Reducing the Cost of Unitary Coupled Cluster via Active Space Partitioning

TL;DR

This paper introduces an active space UCCSD(4)/MP2 approach that reduces computational cost by focusing on a selected active space, enabling more efficient and scalable electronic structure calculations for strongly correlated systems.

Contribution

It presents a novel active space partitioning method for UCCSD(4) that combines perturbation theory and MP2 treatment, improving scalability and accuracy for complex molecular systems.

Findings

Interacting method accurately reproduces full UCCSD(4) potential energy curves with 15-25% virtual orbitals.

The approach is robust for weakly and moderately correlated systems using canonical orbitals.

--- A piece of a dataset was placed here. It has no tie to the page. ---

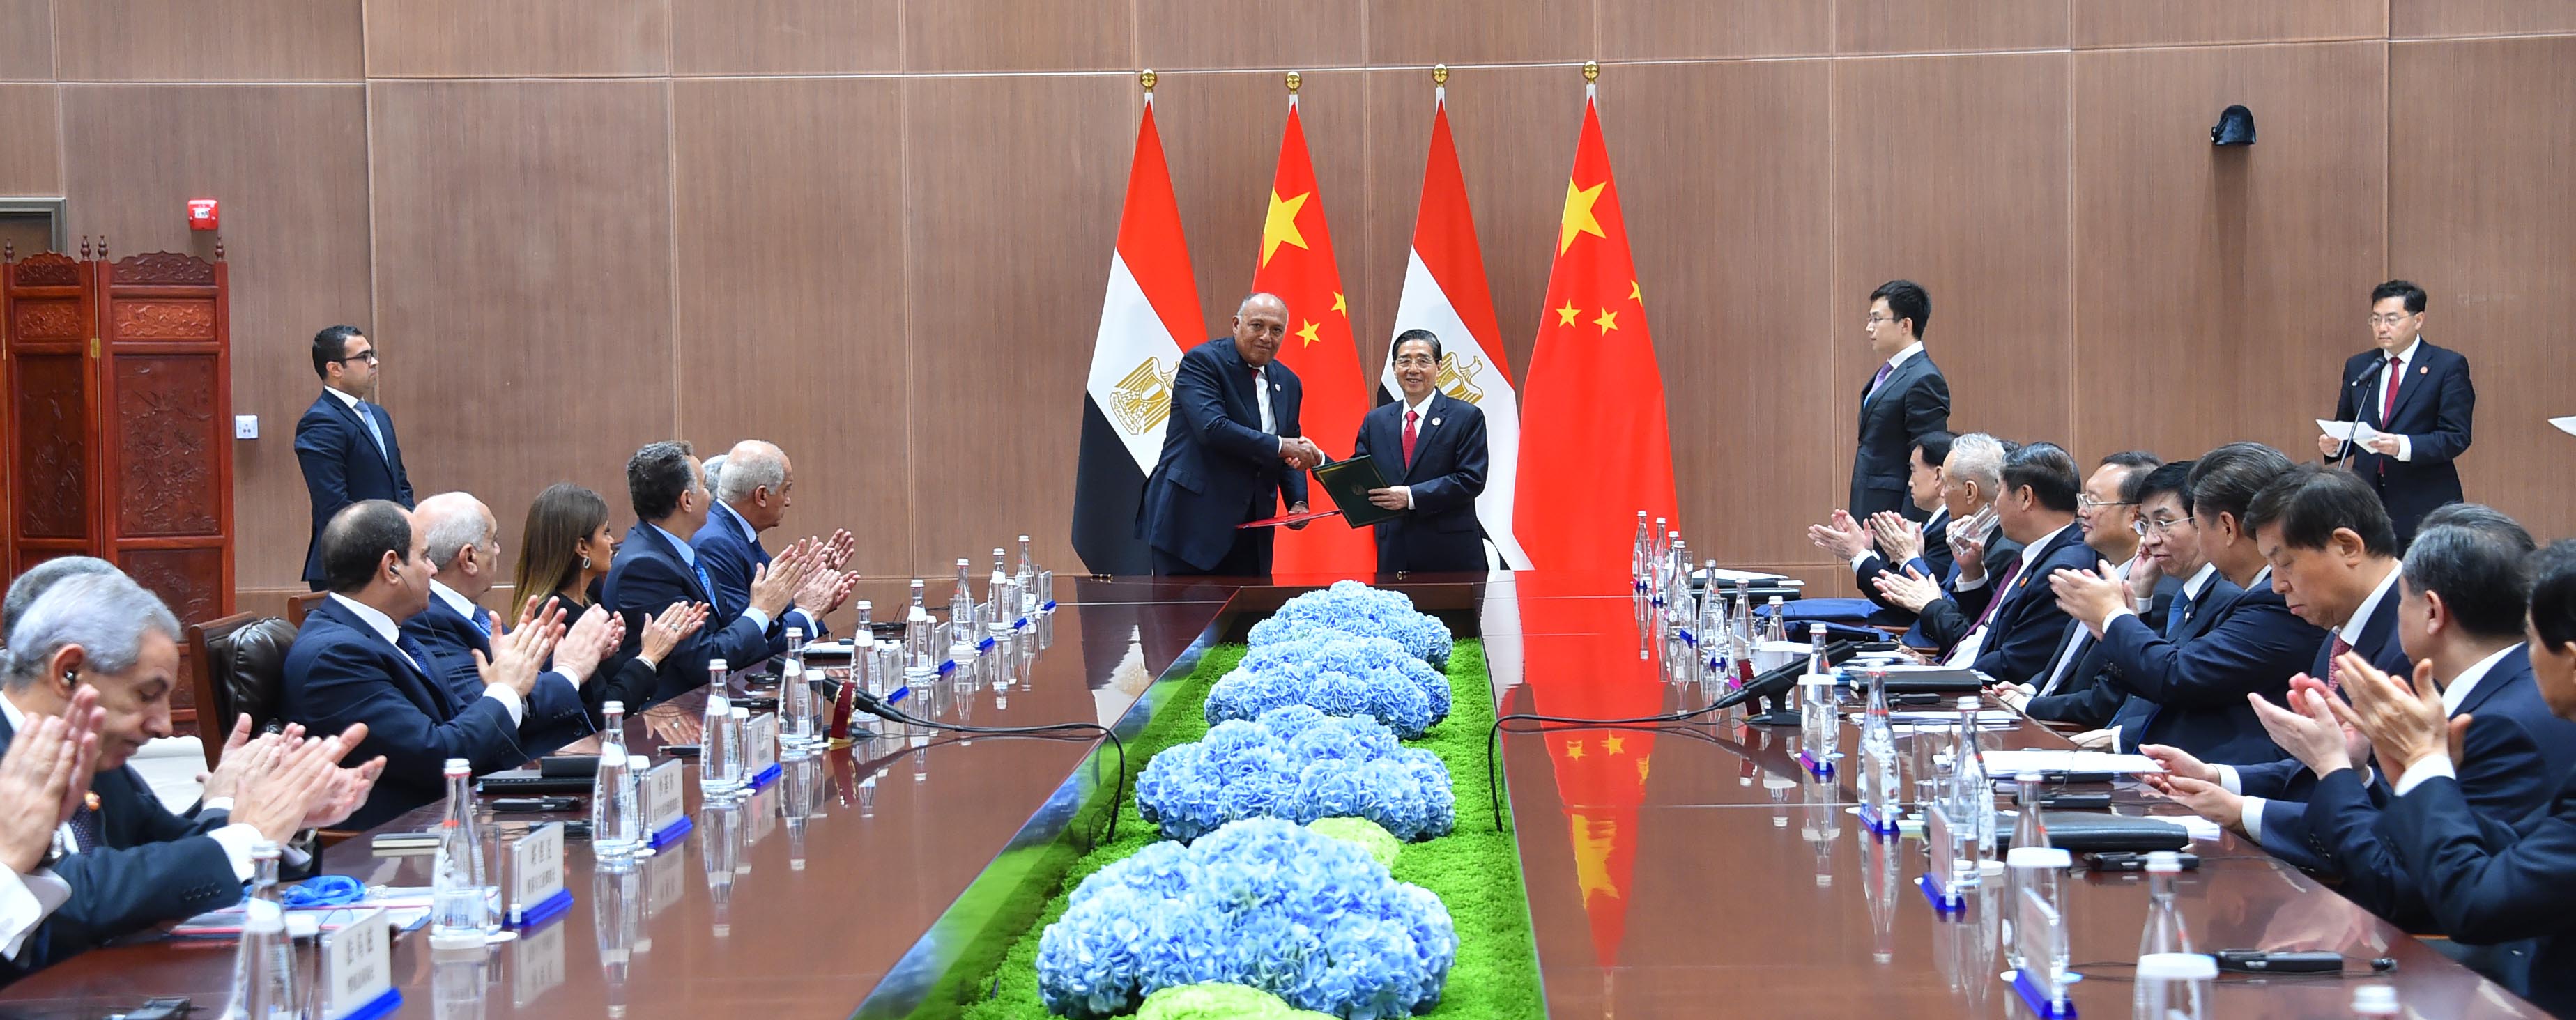 السيسي يلتقى رئيسى الصين وجنوب أفريقيا ورئيس وزراء الهند على هامش بريكس (4)

Both formulations track full UCCSD(4) for ethylene torsion but do not fix static correlation issues.

Abstract

Unitary Coupled Cluster (UCC) theory is a promising variational method for electronic structure calculations, especially for strongly correlated systems and quantum computers. However, its practical application is limited by the steep scaling of its non-terminating Baker-Campbell-Hausdorff expansion. We introduce an active space UCCSD(4)/MP2 approach that leverages a fourth-order many-body perturbation theory truncation of UCCSD within a selected active space, while treating external excitations at the MP2 level. We explore two variants: a composite method that sums separate internal and external contributions and an interacting method that couples the amplitudes for greater accuracy. We test our approach on the GW100 dataset, a metaphosphate hydrolysis reaction, and the strongly correlated torsion of ethylene. Our results suggest that the interacting method with canonical orbitals is robust for weakly and moderately correlated systems and accurately reproduces the full UCCSD(4) potential energy curves using only 15-25% of the virtual orbitals in its active space. In comparison, the composite formulation exhibits greater sensitivity to the orbital basis and active space size, leading to less systematic behavior across the benchmark set. For ethylene torsion, a system dominated by strong static correlation, both composite and interacting formulations employing canonical orbitals closely track the full UCCSD(4) reference but do not alleviate the unphysical features inherited from the underlying single-reference UCCSD(4) description. This active space framework offers a tractable approach for modeling correlated molecules and reactions on classical computers and provides a viable path for scaling UCC calculations for resource-constrained quantum hardware.